Title
题目
Comparative benchmarking of failure detection methods in medical image segmentation: Unveiling the role of confidence aggregation
医学图像分割中故障检测方法的比较基准:揭示置信度聚合的作用
01
文献速递介绍
医学图像分割是医学图像分析中研究最广泛的任务之一,一些基于深度学习的算法在各种数据集上表现良好(Isensee et al., 2021)。然而,在实际应用环境中,尤其是在面对来自未知扫描设备或机构的数据时,深度学习模型的性能往往会下降,这种现象不仅出现在分割任务中,也存在于其他图像分析任务中(AlBadawy et al., 2018; Zech et al., 2018; Badgeley et al., 2019; Beede et al., 2020; Campello et al., 2021)。因此,模型的预测可能会出现错误,无法被盲目信任。

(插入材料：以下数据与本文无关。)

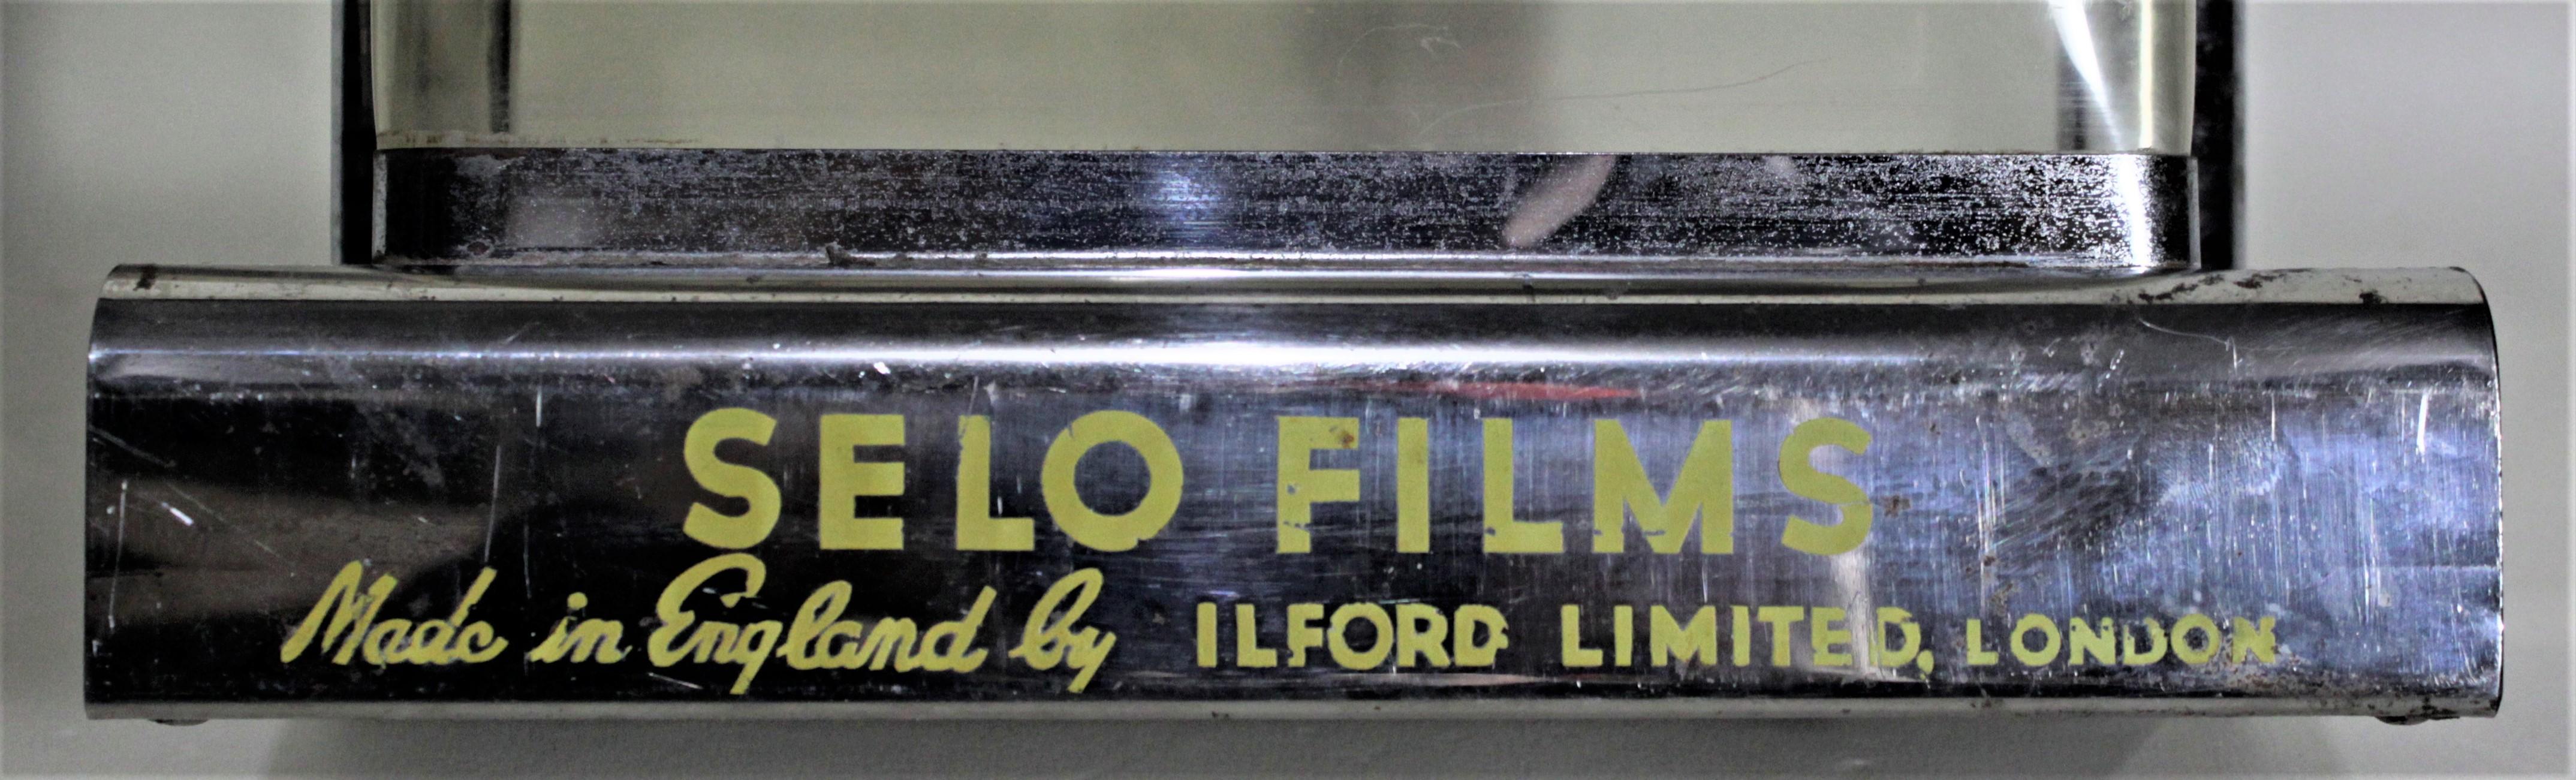 Mid-Century Modern British Ilford Selo Photography Film Store Display For Sale 1

虽然可以通过人工检查来识别存在问题的分割结果,但随着图像分辨率的增加和分割结构的复杂化,特别是在处理(放射学)三维(3D)医学图像时,人工检查将变得非常耗时。当分割仅是大规模数据集自动化分析流程中的一个环节时,这一问题尤为突出,手动检查变得不现实,而可靠的分割结果至关重要。提升分割模型的性能和鲁棒性是一种可能的解决方案,但本研究关注的是另一种互补方法,即在分割模型中引入故障检测(failure detection)机制。
在本研究中,故障检测的目标是自动识别需要排除或进行人工校正的分割结果,以确保后续任务(如体积测量、放射治疗规划、大规模数据分析)能够顺利进行。这涉及为每个分割结果提供一个标量置信度评分(image-level),指示该分割失败的可能性。虽然故障检测也可以在类别级别(class-level)或像素级别(pixel-level)进行,但本研究侧重于图像级(image-level)的故障检测,因为这在实际应用中更为重要:如果某个分割结果存在故障,就需要决定是否保留整个预测结果用于进一步分析,还是直接舍弃它。在某些情况下,部分预测结果仍然有用(如某些像素或类别的分割仍然有效),此时像素级或类别级的故障检测可能更具价值。从方法学角度来看,像素级或类别级的方法仍然适用于图像级故障检测任务,但它们需要额外的聚合函数,这会增加计算复杂度。医学图像分割的故障检测引发了多个研究方向,各自采用不同的方法来解决这一问题:不确定性估计(Uncertainty Estimation):这类方法(Mehrtash et al., 2020)通常旨在为每个像素预测的正确性提供校准概率。一些研究(Roy et al., 2019; Jungo et al., 2020; Ng et al., 2023)提出通过聚合这些分数到类别或图像级别来进行故障检测。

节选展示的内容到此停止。